DATA FOR THE TASK:
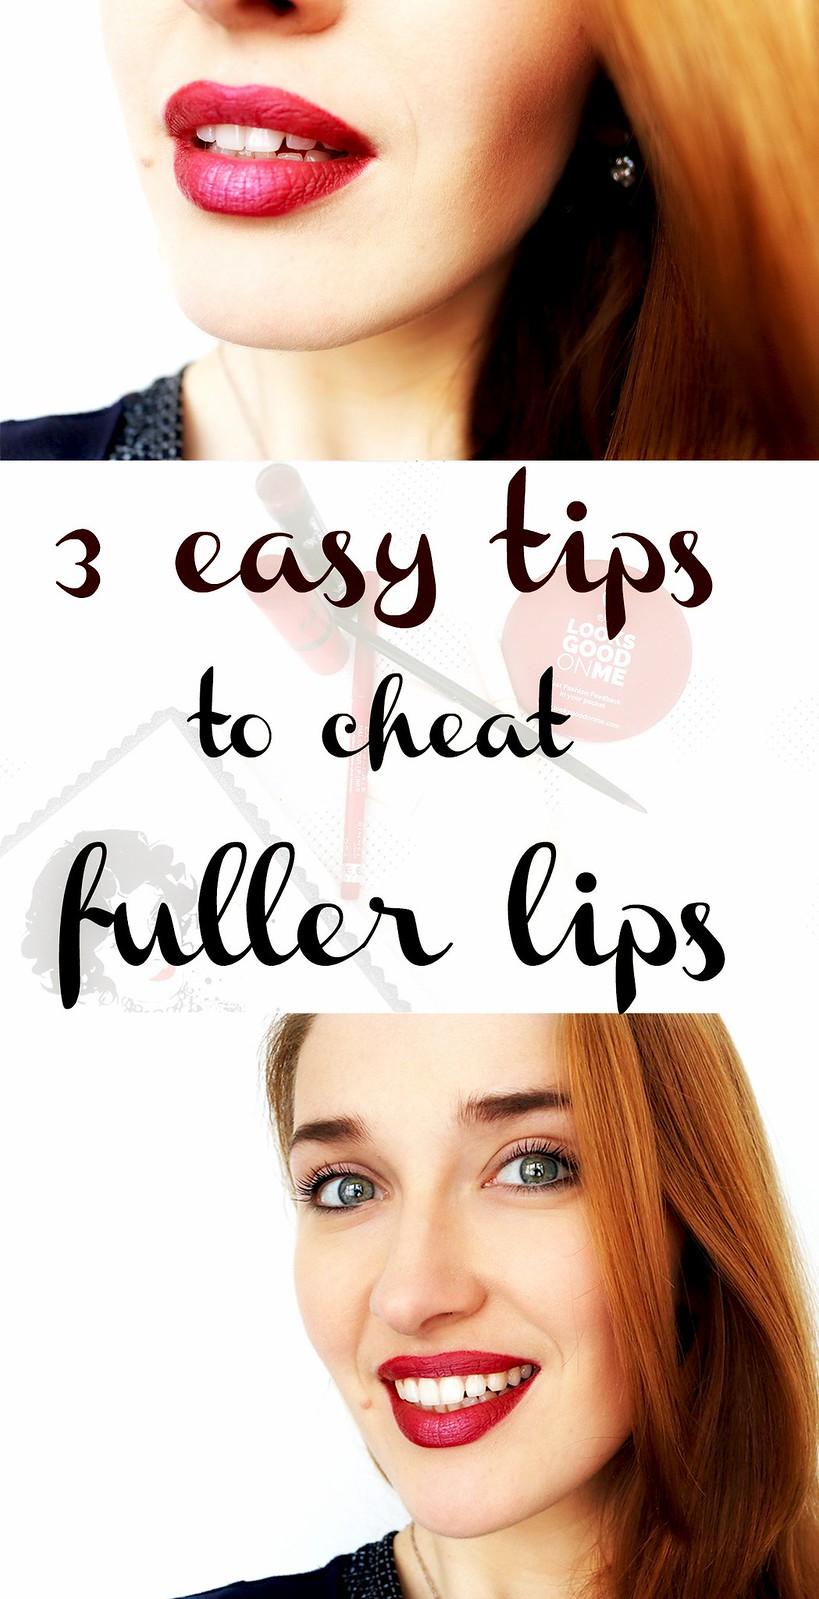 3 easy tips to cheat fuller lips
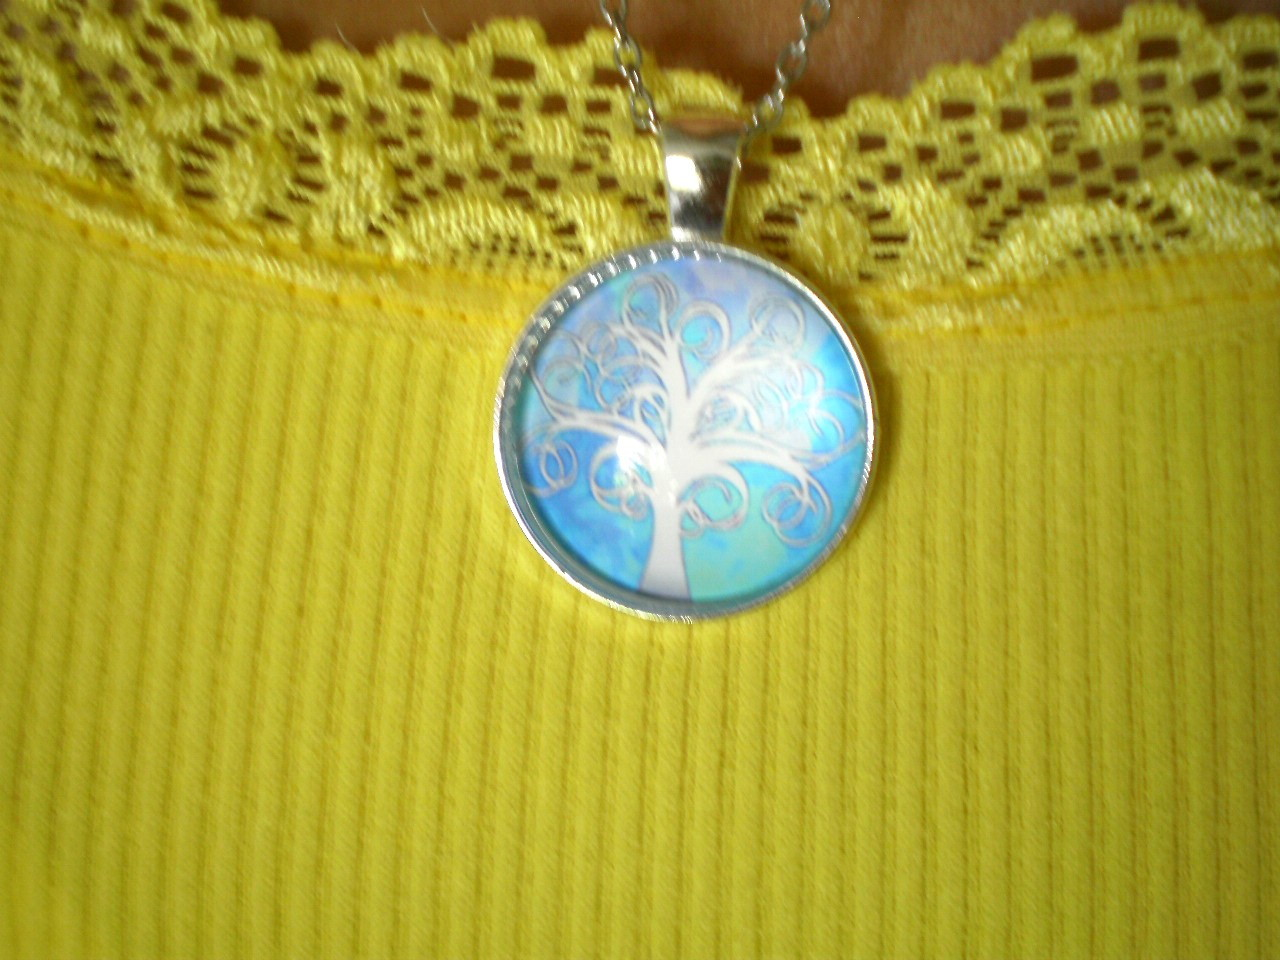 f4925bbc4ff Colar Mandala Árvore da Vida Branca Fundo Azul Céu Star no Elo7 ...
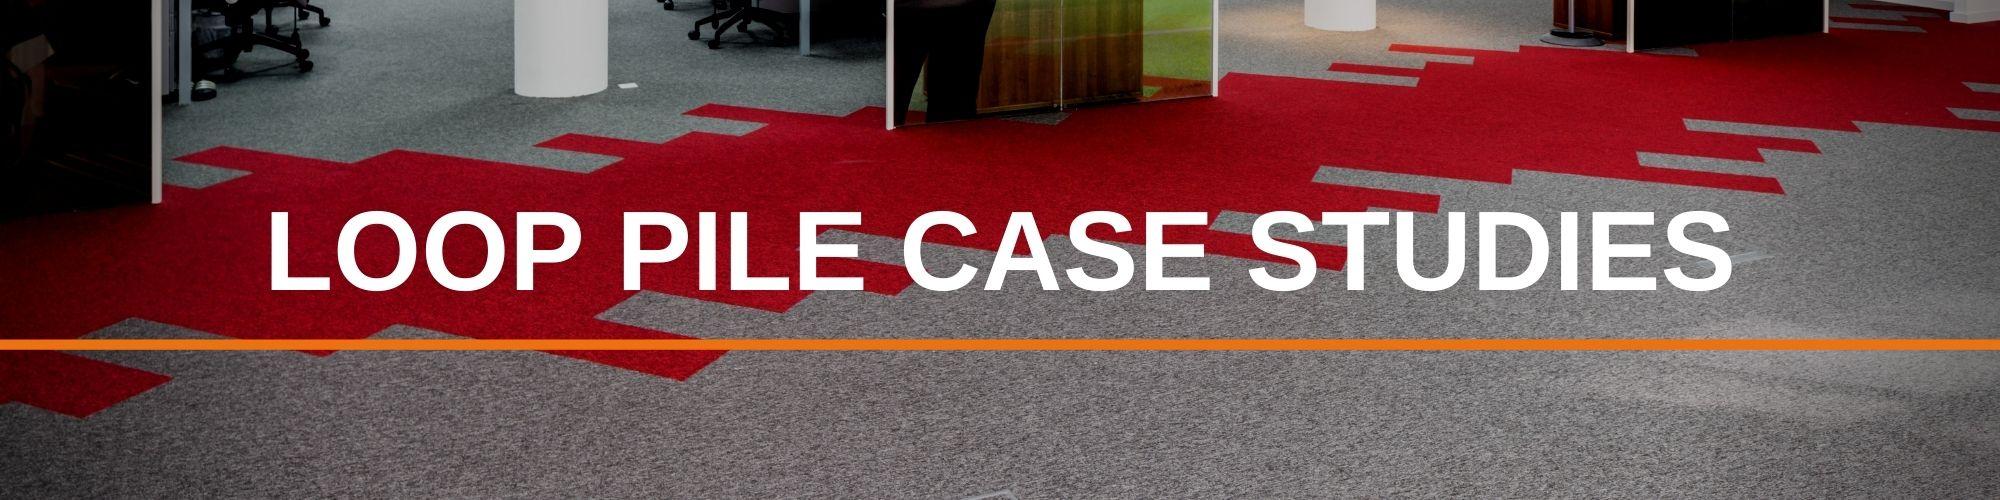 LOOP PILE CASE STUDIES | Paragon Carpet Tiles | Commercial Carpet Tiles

...

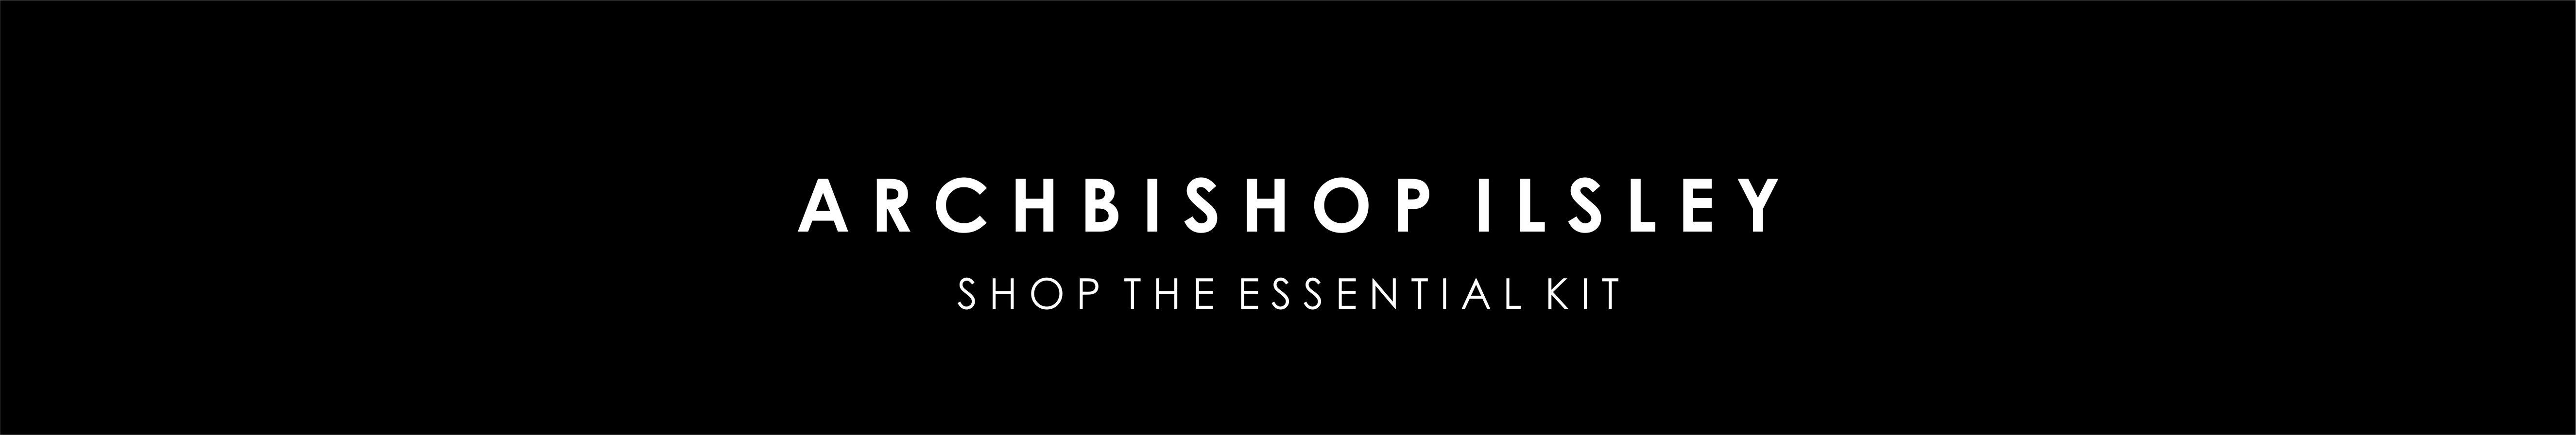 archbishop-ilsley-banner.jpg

EXERCISE GOAL: Skipping every picture, transcribe exactly the lines above from the one containing "3 easy tips to cheat fuller lips" through the one containing "LOOP PILE CASE", both included.

COMPLETED TASK:
 3 easy tips to cheat fuller lips
 f4925bbc4ff Colar Mandala Árvore da Vida Branca Fundo Azul Céu Star no Elo7 ...
 LOOP PILE CASE STUDIES | Paragon Carpet Tiles | Commercial Carpet Tiles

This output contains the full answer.